Monday, May 29, 2023

What Is Microsoft Fabric and Why Should I Care?

As I mentioned in my Build Announcement Summary, Microsoft Fabric has been announced!

In short, Fabric covers the complete spectrum of services including data movement, data lake, data engineering, data integration and data science, real time analytics, and business intelligence.

Straight to Next up.

It promises to offer end to end analytics from the data lake to the business user, covering the following pillars:

  • Complete Analytics Platform
  • Lake-Centric and Open
  • Empower Every Business User
  • AI Powered


In my opinion this provides the following benefits:
  • A broad set of deeply integrated analytics 
  • Shared experiences that are familiar and easy to learn across all the products
  • All assets to be easily discovered and reused by all developers
  • OneLake, a unified data lake, Microsoft calls it the "OneDrive for data", allowing customers to keep one copy of the data while using the analytics tools of choice 
  • Centralized administration and governance across all workloads

As mentioned in my blog, Fabric is turned off by default, until July 1st, so you will have to enable it to start using it! 


The new Fabric / Power BI home page when you switch on Fabric looks like this:

Fabric home page

And with the button in the left bottom corner you can switch between the different persona's/workloads:

Fabric workload switcher



Microsoft also states clearly that standalone PaaS products will stay untouched and remain active.
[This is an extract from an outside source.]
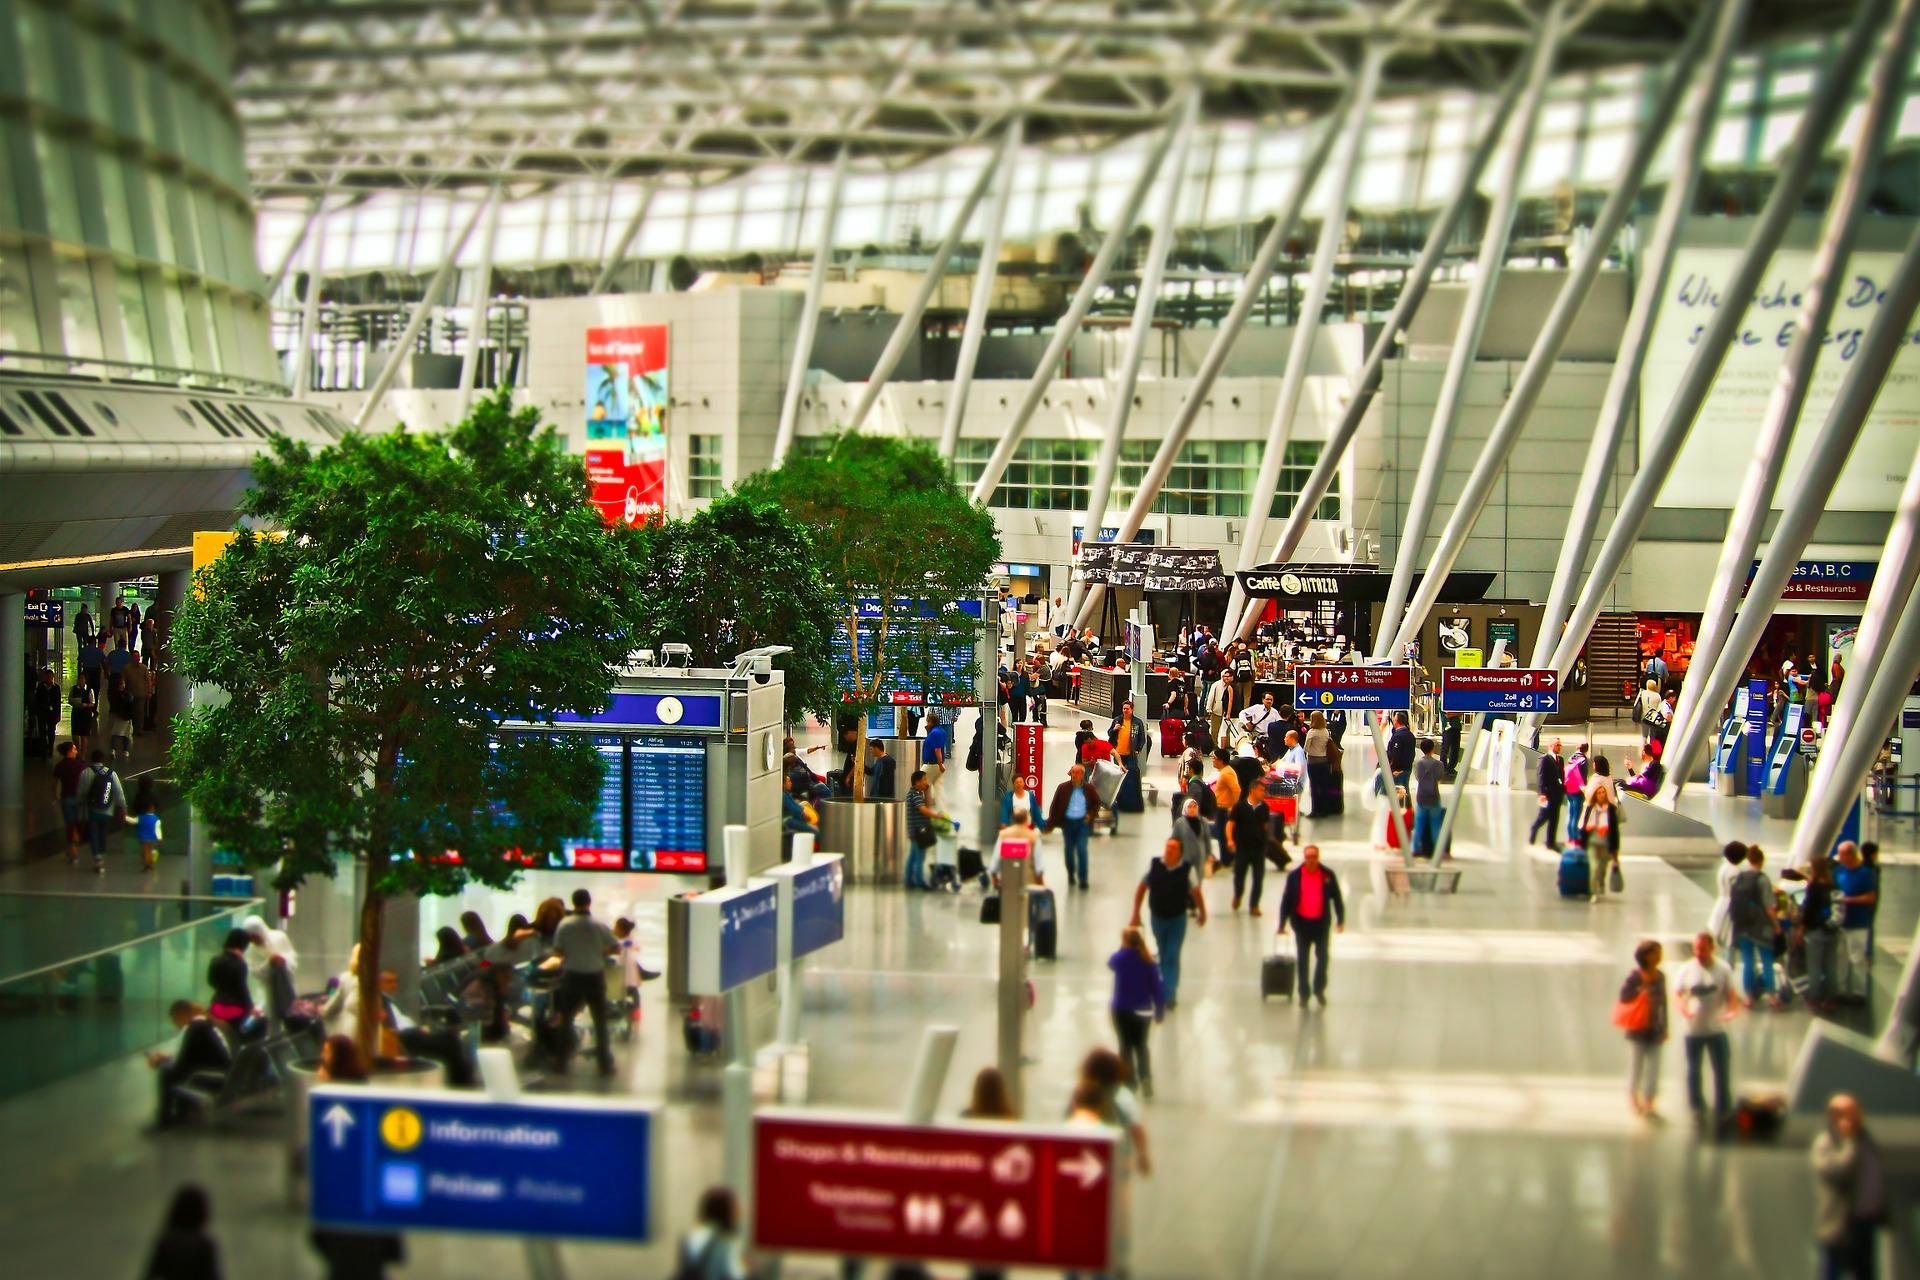 airport-1515448_1920.jpg
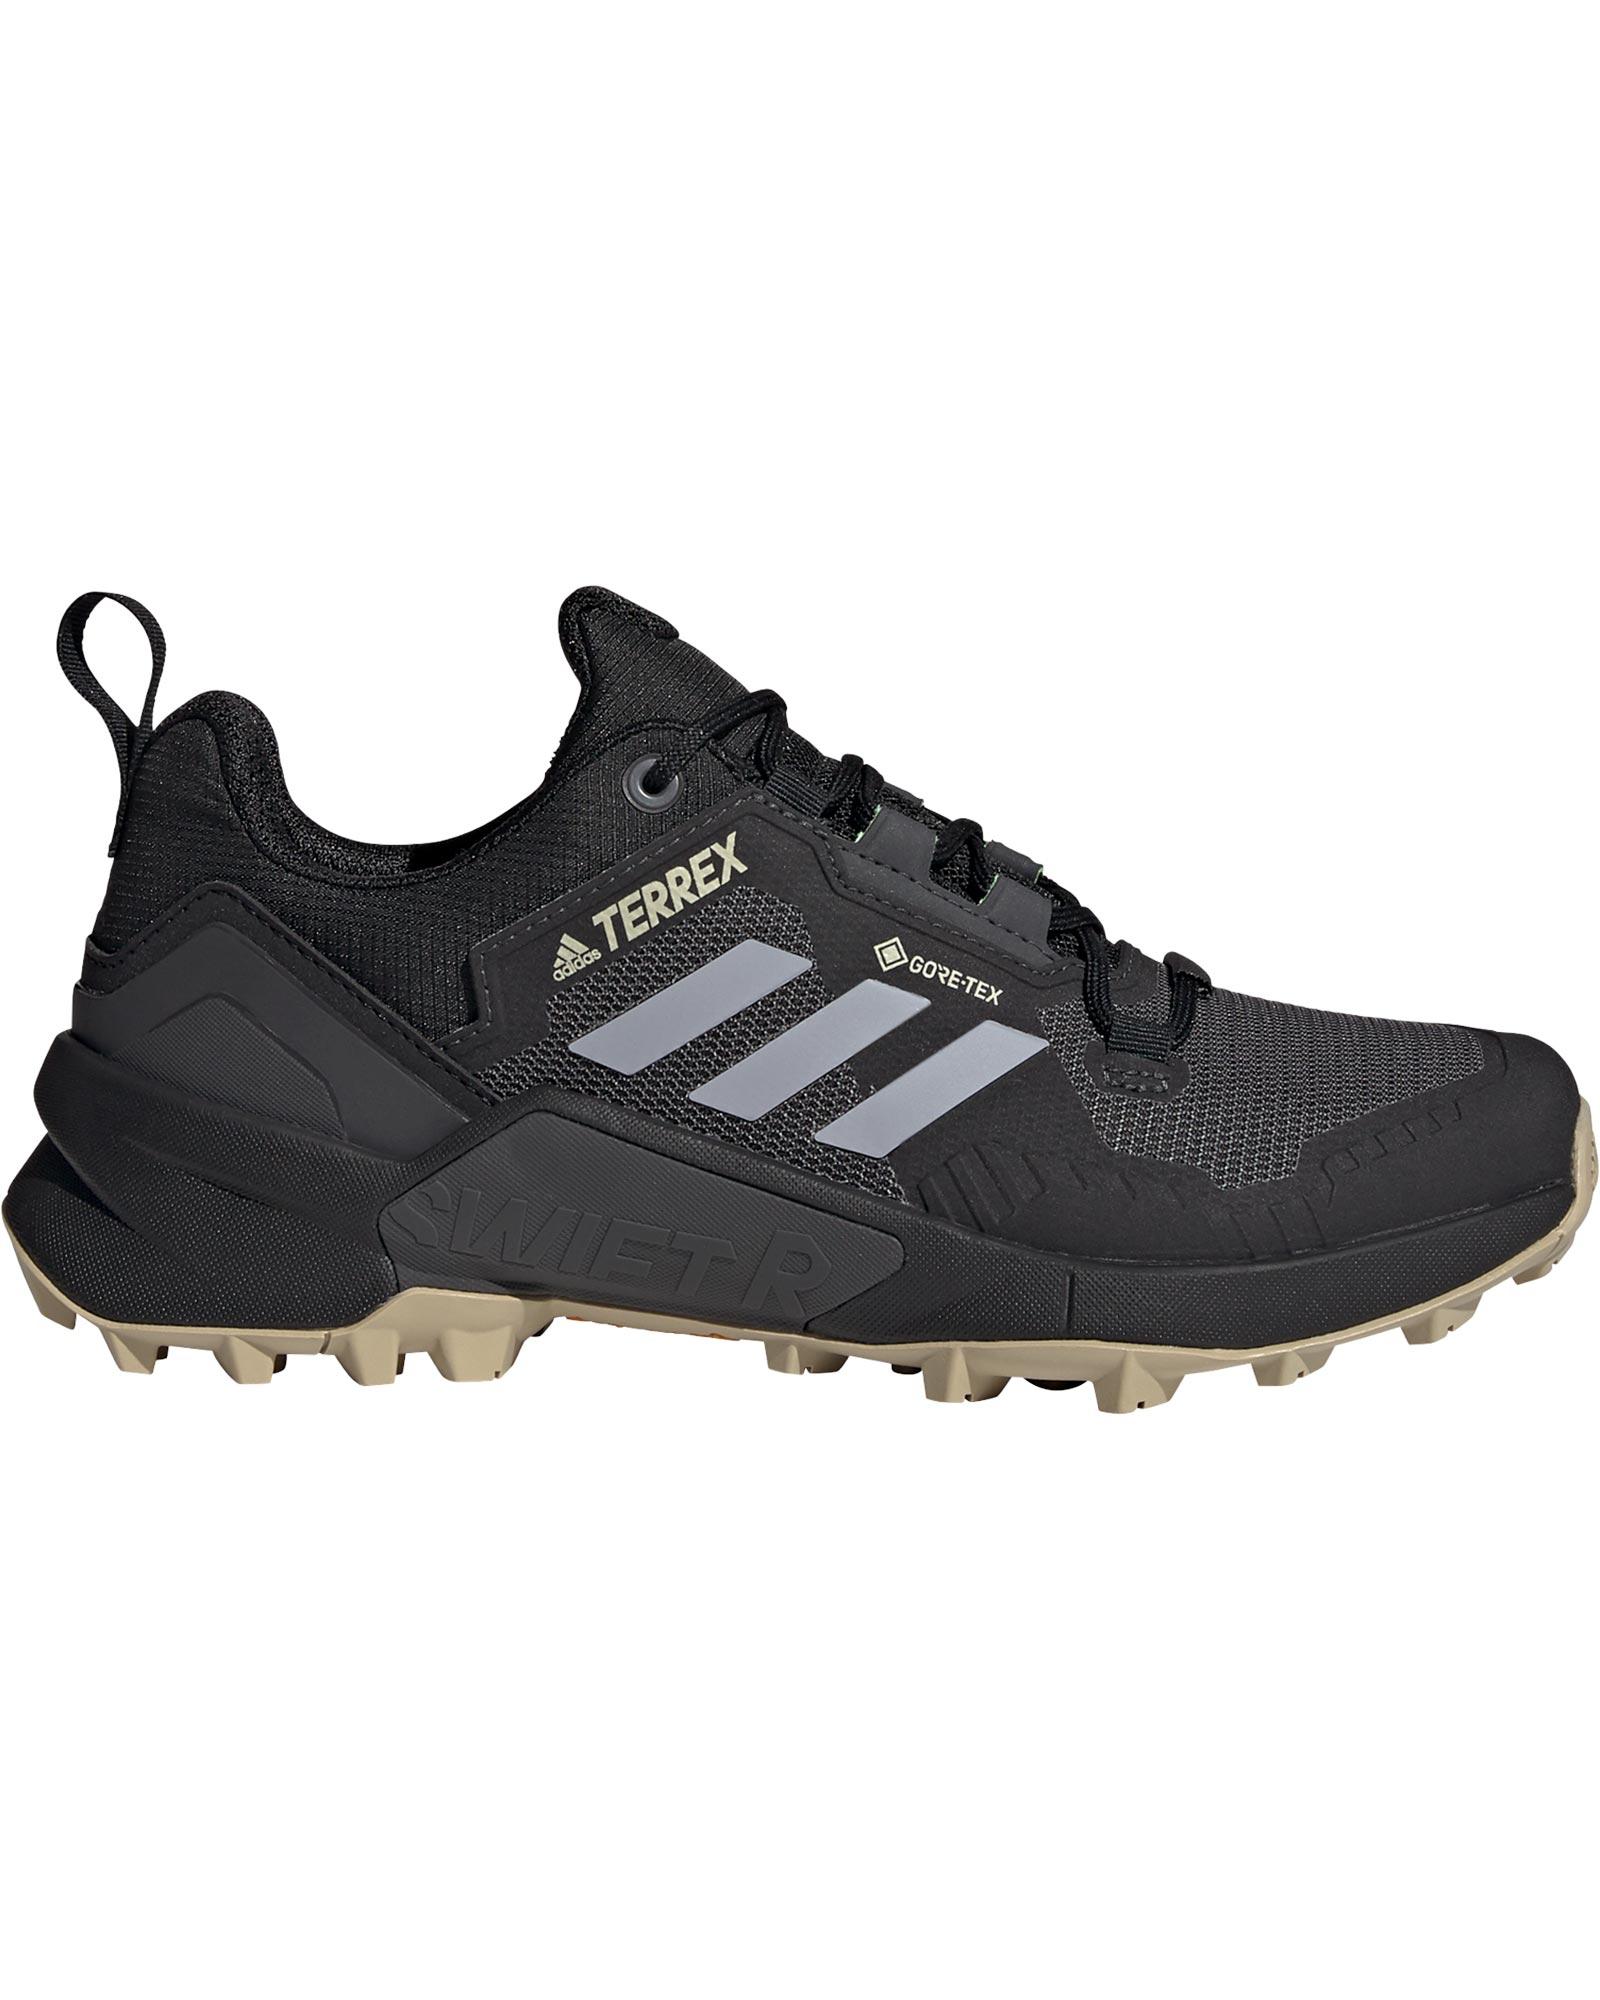 Adidas Terrex Terrex Swift R3 GORE-TEX Women's Shoes 13

So there's no need for existing customers to worry about solutions currently in production.

"Existing Microsoft products such as Azure Synapse Analytics, Azure Data Factory, and Azure Data Explorer will continue to provide a robust, enterprise-grade platform as a service (PaaS) solution for data analytics. Fabric represents an evolution of those offerings in the form of a simplified SaaS solution that can connect to existing PaaS offerings. Customers will be able to upgrade from their current products into Fabric at their own pace." by Arun Ulag
I'm also pretty sure that existing customer will be able to migrate to the new SaaS-solution.
If you are familiar with the current Synapse offerings, you might find the following mapping table interesting to have as a reference.

Synapse

Fabric

Pipelines

Data Pipelines

Data Flows

Dataflows

SQL Pools

Data Warehouse

Spark

Spark

Notebooks

Notebooks

Azure Data Explorer (ADX/Kusto)

Real-time Analytics

SQL Serverless

Lakehouse

Synapse Workspace

Power BI Workspace

ADLS Gen2

OneLake

Linked Services

Connections

Datasets

Sources/Destinations

Self-Hosted Integration Runtime (SHIR)

Power BI Gateway

CI/CD, Git

ALM



Although Fabric is still in preview, I would encourage you to try out features and look at the use cases, because:
  • Fabric is based on the serverless paradigm. You don't have to start clusters or manage resource in Azure anymore. Instead, Fabric delivers capacities as a SaaS resource. You can spin up analytics solutions faster and more easily.
  • OneLake makes it easier to:
    • Store large amounts of data
    • Use one accurate, certified and real-time unified source of truth
    • Use shortcuts / mounts to leverages existing data from Azure, AWS or OneLake
  • Analysts can leverage their best skills, be it SQL, Spark or DAX
  • Performance benefits
    Microsoft is working on performance improvements, 1 example is DirectLake, the new storage mode for Power BI. Everyting in OneLake is now in the same open Delta Parquet format.
  • Simplified billing and management of runtime components
    Fabric now brings capacities with compute instead of activities per pipeline or TeraBytes/s. That means we don't have to include multiple factors into the equation anymore
    Instead of managing every resource individually, putting it on pause when you don't need it, you can now provision Fabric capacities, which start at a much smaller price point then a Power BI Premium capacity.  Exact pricing will be announced later.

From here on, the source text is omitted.